На Соловках Пружников вступил в «Общество самоисправляющихся», весьма своеобразное объединение. Оно имело выборное руководство — президиум, коллективную кассу и устав. В пункте 5 устава указывалось: «Для того чтобы члены «ОС» привыкли к практическому участию в общественной жизни, необходимо их обязательное участие во всех культурно-просветительных общественных организациях лагеря». Поэтому, вступив в «Общество самоисправляющихся», Пружников в свободное от работы время мастерил в театре декорации, обстругивал доски для скамей зрительного зала.
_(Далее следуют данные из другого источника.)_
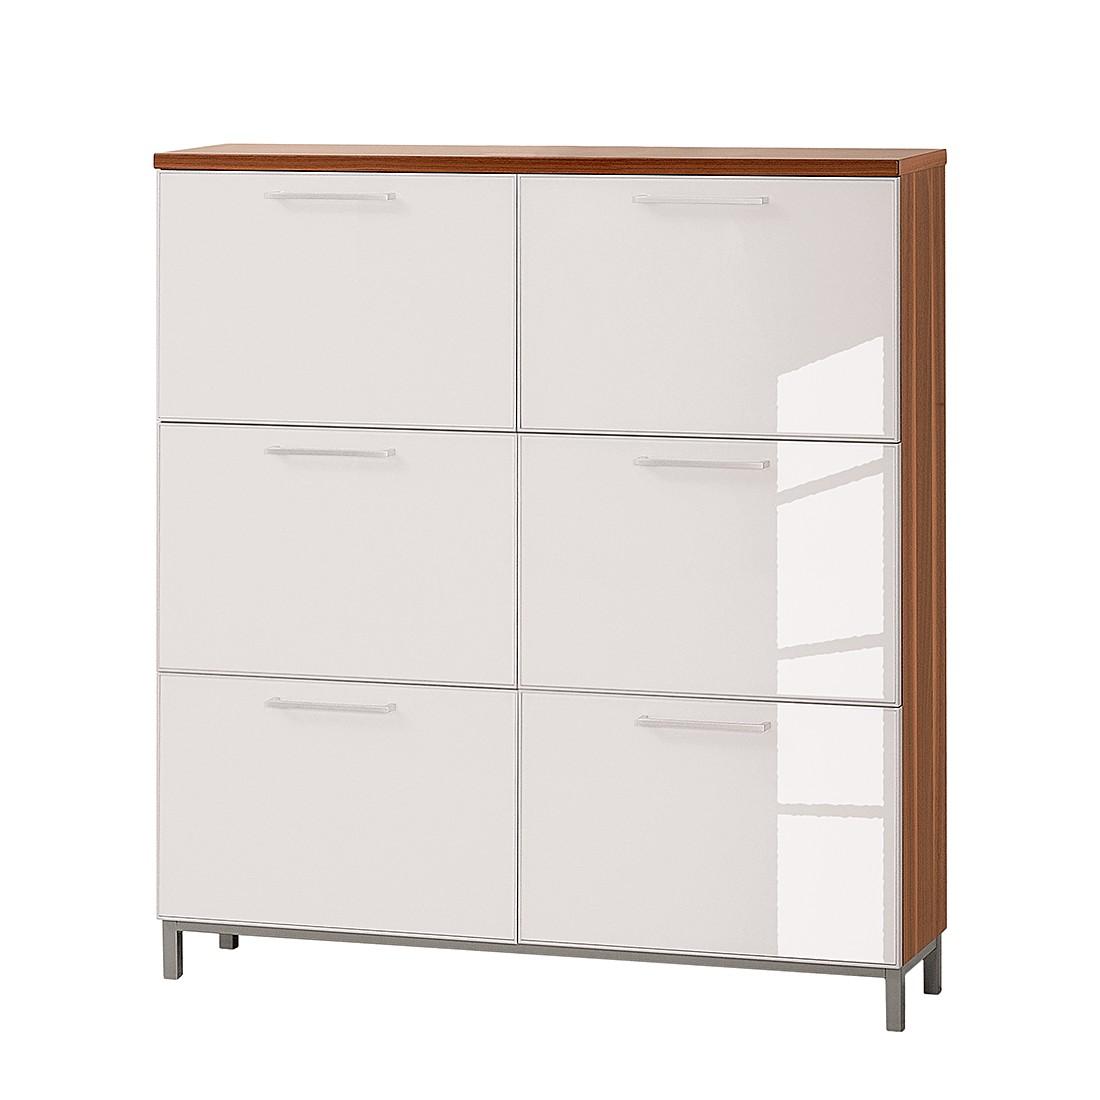 schuhschrank 20 cm tief sonstige preisvergleiche. Black Bedroom Furniture Sets. Home Design Ideas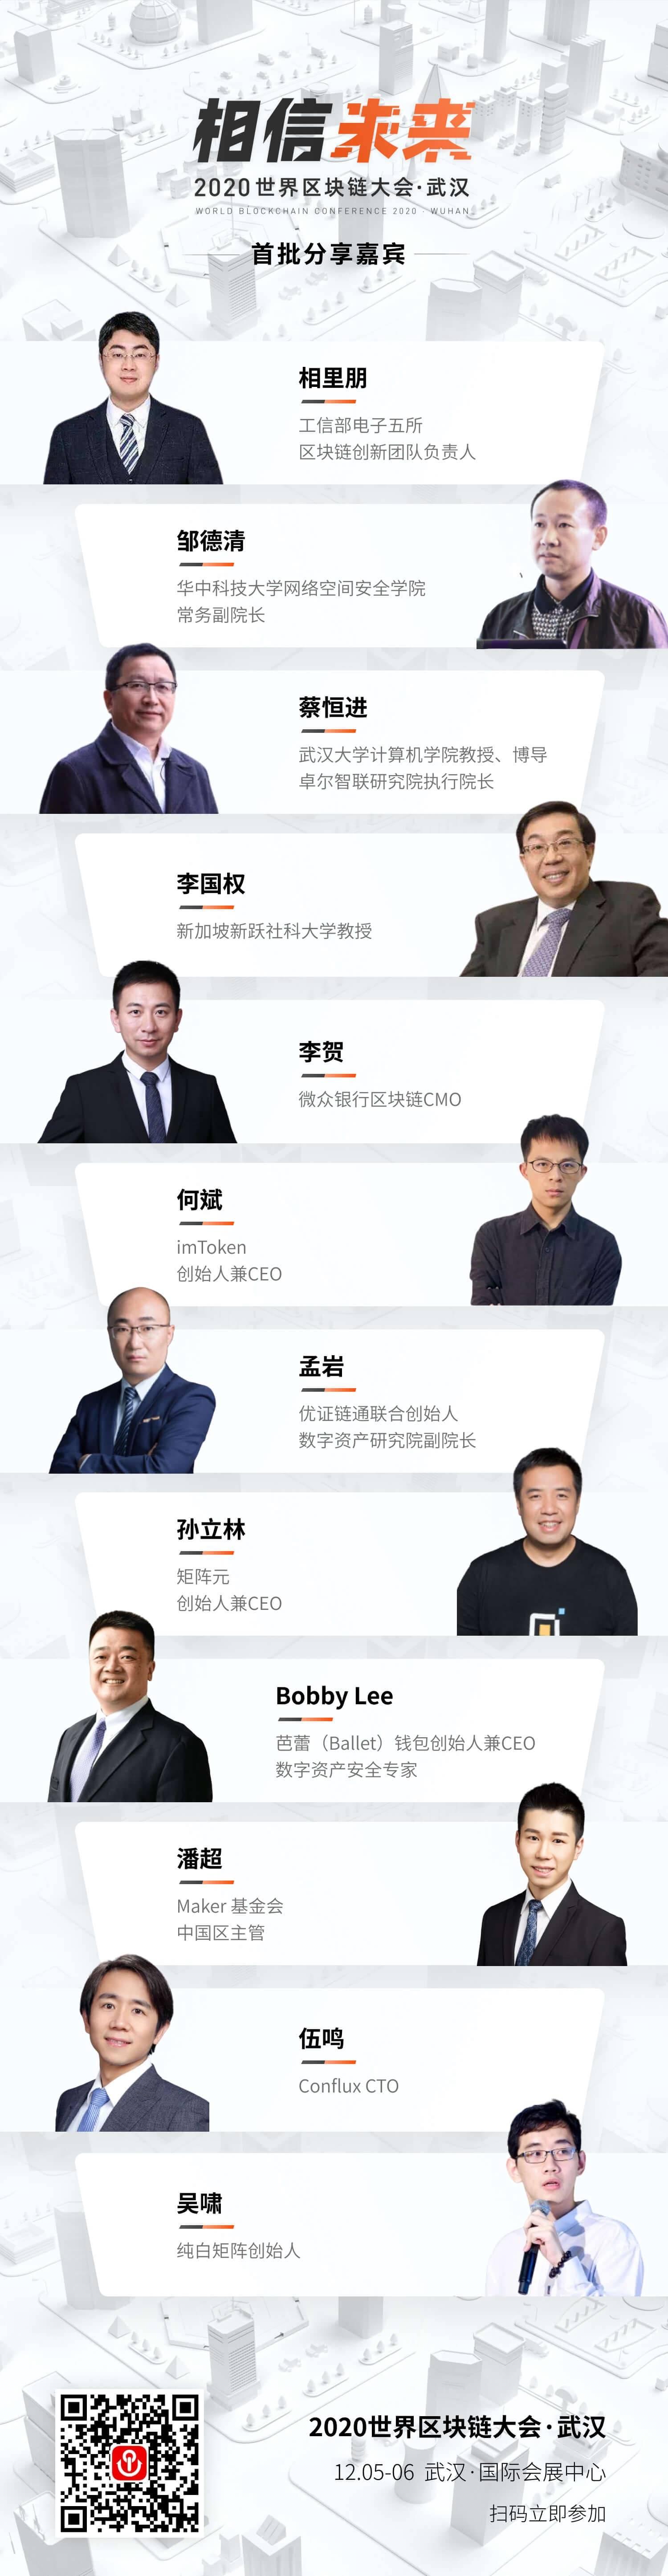 比特币突破10万RMB,区块链大势所趋?世界区块链大会·武汉12位重磅嘉宾为你揭晓

Рассказывая, он жестикулировал, иногда вскакивал со стула и ходил по кабинету. Юлия Сергеевна Зайкова — бывшая секретарша Шамрая — вела себя здесь по-иному: сдержанно и настороженно…
— Председателем «ОС» был Зайков? — прервал я Пружникова, когда он стал рассказывать о деятельности общества.
— Какой Зайков? Иван Николаевич?
— Иван Николаевич…
— Нет, Иван Николаевич был только членом президиума, — ответил Пружников, недовольный тем, что я не дал ему договорить. — А вы откуда его знаете?
— Слышал о нем.
— Хороший мужик, — с чувством сказал Пружников. — Хоть и социально далекий, чуждый по классу в смысле, но мужик на «ять». Самостоятельный, строгий. Я с им в одной камере проживал. Очень культурный. Мне ребята рассказывали, что он даже с поэтом товарищем Грилем водку пил. Он и, сам-то вроде поэта: песни там, стихи всякие сочинял. Пьесы для актеров переписывал набело…
Во время обыска были изъяты не только злополучные часы, но и альбом со стихами. Я извлек его из сейфа и протянул Пружникову.
— Вот, кстати. Возьмите. Все забываю вернуть. Наверное, память об Иване Николаевиче?
— Нет, не память. Это я сам переписывал. Здесь все коряво, посмотреть не на что. А Иван Николаевич писал, будто шелком шил: буковка к буковке…
— Вот так?
Я положил перед Пружниковым лист из ученической тетради с раешником, обнаруженным в подкинутых в почтовый ящик материалах Шамрая.
— «Здорово, избранная публика, наша особая республика!», — прочел Пружников и ухмыльнулся — Вроде как он… Он, точно. Буковка к буковке. Мне бы так вырисовывать. Ишь завитушки какие!
Я поинтересовался у Пружникова, поддерживает ли он связь с Зайковым.
— Письма? Нет… На письма я не мастак.
— А в трест шофером вам Зайков помог устроиться?
Пружников удивленно вскинул на меня глаза.
— На работу? Так он же к тресту никакого касательства не имеет. Он же до заключения по военно-интендантской линии работал.
Кажется, Пружников действительно не подозревал, что жена его соловецкого знакомого служила секретарем у Шамрая.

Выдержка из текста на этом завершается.